*The data:*
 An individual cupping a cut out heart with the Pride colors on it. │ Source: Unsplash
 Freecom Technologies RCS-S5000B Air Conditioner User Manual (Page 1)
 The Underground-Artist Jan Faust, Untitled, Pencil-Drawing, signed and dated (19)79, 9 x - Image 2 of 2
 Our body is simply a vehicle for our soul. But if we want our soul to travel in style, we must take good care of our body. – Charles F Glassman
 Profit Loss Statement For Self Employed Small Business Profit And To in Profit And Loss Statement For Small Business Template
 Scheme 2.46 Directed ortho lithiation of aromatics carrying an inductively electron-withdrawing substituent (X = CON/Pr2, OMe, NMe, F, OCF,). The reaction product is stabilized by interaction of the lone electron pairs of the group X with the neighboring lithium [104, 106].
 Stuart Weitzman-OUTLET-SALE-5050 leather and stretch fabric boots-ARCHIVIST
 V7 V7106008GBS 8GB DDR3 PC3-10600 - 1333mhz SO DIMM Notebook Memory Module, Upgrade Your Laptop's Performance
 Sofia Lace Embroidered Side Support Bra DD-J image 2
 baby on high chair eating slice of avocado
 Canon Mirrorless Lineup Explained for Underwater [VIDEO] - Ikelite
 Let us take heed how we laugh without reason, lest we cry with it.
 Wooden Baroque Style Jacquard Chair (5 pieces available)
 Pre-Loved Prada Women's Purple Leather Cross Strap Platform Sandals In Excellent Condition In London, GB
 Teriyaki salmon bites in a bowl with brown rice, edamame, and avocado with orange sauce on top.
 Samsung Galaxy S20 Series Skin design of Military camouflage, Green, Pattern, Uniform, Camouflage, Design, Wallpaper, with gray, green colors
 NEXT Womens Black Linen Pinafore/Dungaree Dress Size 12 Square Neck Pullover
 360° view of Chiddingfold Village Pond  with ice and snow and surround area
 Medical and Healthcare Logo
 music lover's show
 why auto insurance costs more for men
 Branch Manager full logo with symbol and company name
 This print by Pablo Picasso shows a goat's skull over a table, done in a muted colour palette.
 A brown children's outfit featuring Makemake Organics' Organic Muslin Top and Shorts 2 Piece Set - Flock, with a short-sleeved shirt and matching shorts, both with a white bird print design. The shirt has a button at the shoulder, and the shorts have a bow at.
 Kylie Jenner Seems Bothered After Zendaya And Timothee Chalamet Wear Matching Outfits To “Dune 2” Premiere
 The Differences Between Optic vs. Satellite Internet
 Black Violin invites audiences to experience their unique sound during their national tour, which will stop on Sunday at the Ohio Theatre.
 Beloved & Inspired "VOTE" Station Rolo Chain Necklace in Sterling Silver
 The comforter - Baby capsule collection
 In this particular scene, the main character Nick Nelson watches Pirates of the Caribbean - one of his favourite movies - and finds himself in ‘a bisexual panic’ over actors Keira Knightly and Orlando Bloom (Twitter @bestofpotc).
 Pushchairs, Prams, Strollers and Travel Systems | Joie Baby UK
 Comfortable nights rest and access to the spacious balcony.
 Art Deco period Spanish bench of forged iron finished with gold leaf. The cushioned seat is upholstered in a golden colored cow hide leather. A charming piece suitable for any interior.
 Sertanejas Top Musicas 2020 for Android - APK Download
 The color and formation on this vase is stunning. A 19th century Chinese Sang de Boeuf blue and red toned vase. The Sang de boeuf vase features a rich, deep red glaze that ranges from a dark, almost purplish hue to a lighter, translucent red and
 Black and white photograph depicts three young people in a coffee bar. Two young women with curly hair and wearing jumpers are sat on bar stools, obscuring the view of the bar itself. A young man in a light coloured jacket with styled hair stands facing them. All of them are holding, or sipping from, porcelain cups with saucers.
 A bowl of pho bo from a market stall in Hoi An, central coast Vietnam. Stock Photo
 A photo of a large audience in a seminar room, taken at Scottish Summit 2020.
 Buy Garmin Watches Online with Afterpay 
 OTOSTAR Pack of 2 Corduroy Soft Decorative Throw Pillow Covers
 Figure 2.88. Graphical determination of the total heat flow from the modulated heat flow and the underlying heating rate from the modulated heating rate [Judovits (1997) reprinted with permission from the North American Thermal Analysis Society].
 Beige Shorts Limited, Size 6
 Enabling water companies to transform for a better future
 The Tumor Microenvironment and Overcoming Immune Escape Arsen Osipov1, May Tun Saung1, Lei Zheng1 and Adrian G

*Assignment:* Write the listing out again in its entirety, exactly.

*Reply:*
 An individual cupping a cut out heart with the Pride colors on it. │ Source: Unsplash
 Freecom Technologies RCS-S5000B Air Conditioner User Manual (Page 1)
 The Underground-Artist Jan Faust, Untitled, Pencil-Drawing, signed and dated (19)79, 9 x - Image 2 of 2
 Our body is simply a vehicle for our soul. But if we want our soul to travel in style, we must take good care of our body. – Charles F Glassman
 Profit Loss Statement For Self Employed Small Business Profit And To in Profit And Loss Statement For Small Business Template
 Scheme 2.46 Directed ortho lithiation of aromatics carrying an inductively electron-withdrawing substituent (X = CON/Pr2, OMe, NMe, F, OCF,). The reaction product is stabilized by interaction of the lone electron pairs of the group X with the neighboring lithium [104, 106].
 Stuart Weitzman-OUTLET-SALE-5050 leather and stretch fabric boots-ARCHIVIST
 V7 V7106008GBS 8GB DDR3 PC3-10600 - 1333mhz SO DIMM Notebook Memory Module, Upgrade Your Laptop's Performance
 Sofia Lace Embroidered Side Support Bra DD-J image 2
 baby on high chair eating slice of avocado
 Canon Mirrorless Lineup Explained for Underwater [VIDEO] - Ikelite
 Let us take heed how we laugh without reason, lest we cry with it.
 Wooden Baroque Style Jacquard Chair (5 pieces available)
 Pre-Loved Prada Women's Purple Leather Cross Strap Platform Sandals In Excellent Condition In London, GB
 Teriyaki salmon bites in a bowl with brown rice, edamame, and avocado with orange sauce on top.
 Samsung Galaxy S20 Series Skin design of Military camouflage, Green, Pattern, Uniform, Camouflage, Design, Wallpaper, with gray, green colors
 NEXT Womens Black Linen Pinafore/Dungaree Dress Size 12 Square Neck Pullover
 360° view of Chiddingfold Village Pond  with ice and snow and surround area
 Medical and Healthcare Logo
 music lover's show
 why auto insurance costs more for men
 Branch Manager full logo with symbol and company name
 This print by Pablo Picasso shows a goat's skull over a table, done in a muted colour palette.
 A brown children's outfit featuring Makemake Organics' Organic Muslin Top and Shorts 2 Piece Set - Flock, with a short-sleeved shirt and matching shorts, both with a white bird print design. The shirt has a button at the shoulder, and the shorts have a bow at.
 Kylie Jenner Seems Bothered After Zendaya And Timothee Chalamet Wear Matching Outfits To “Dune 2” Premiere
 The Differences Between Optic vs. Satellite Internet
 Black Violin invites audiences to experience their unique sound during their national tour, which will stop on Sunday at the Ohio Theatre.
 Beloved & Inspired "VOTE" Station Rolo Chain Necklace in Sterling Silver
 The comforter - Baby capsule collection
 In this particular scene, the main character Nick Nelson watches Pirates of the Caribbean - one of his favourite movies - and finds himself in ‘a bisexual panic’ over actors Keira Knightly and Orlando Bloom (Twitter @bestofpotc).
 Pushchairs, Prams, Strollers and Travel Systems | Joie Baby UK
 Comfortable nights rest and access to the spacious balcony.
 Art Deco period Spanish bench of forged iron finished with gold leaf. The cushioned seat is upholstered in a golden colored cow hide leather. A charming piece suitable for any interior.
 Sertanejas Top Musicas 2020 for Android - APK Download
 The color and formation on this vase is stunning. A 19th century Chinese Sang de Boeuf blue and red toned vase. The Sang de boeuf vase features a rich, deep red glaze that ranges from a dark, almost purplish hue to a lighter, translucent red and
 Black and white photograph depicts three young people in a coffee bar. Two young women with curly hair and wearing jumpers are sat on bar stools, obscuring the view of the bar itself. A young man in a light coloured jacket with styled hair stands facing them. All of them are holding, or sipping from, porcelain cups with saucers.
 A bowl of pho bo from a market stall in Hoi An, central coast Vietnam. Stock Photo
 A photo of a large audience in a seminar room, taken at Scottish Summit 2020.
 Buy Garmin Watches Online with Afterpay 
 OTOSTAR Pack of 2 Corduroy Soft Decorative Throw Pillow Covers
 Figure 2.88. Graphical determination of the total heat flow from the modulated heat flow and the underlying heating rate from the modulated heating rate [Judovits (1997) reprinted with permission from the North American Thermal Analysis Society].
 Beige Shorts Limited, Size 6
 Enabling water companies to transform for a better future
 The Tumor Microenvironment and Overcoming Immune Escape Arsen Osipov1, May Tun Saung1, Lei Zheng1 and Adrian G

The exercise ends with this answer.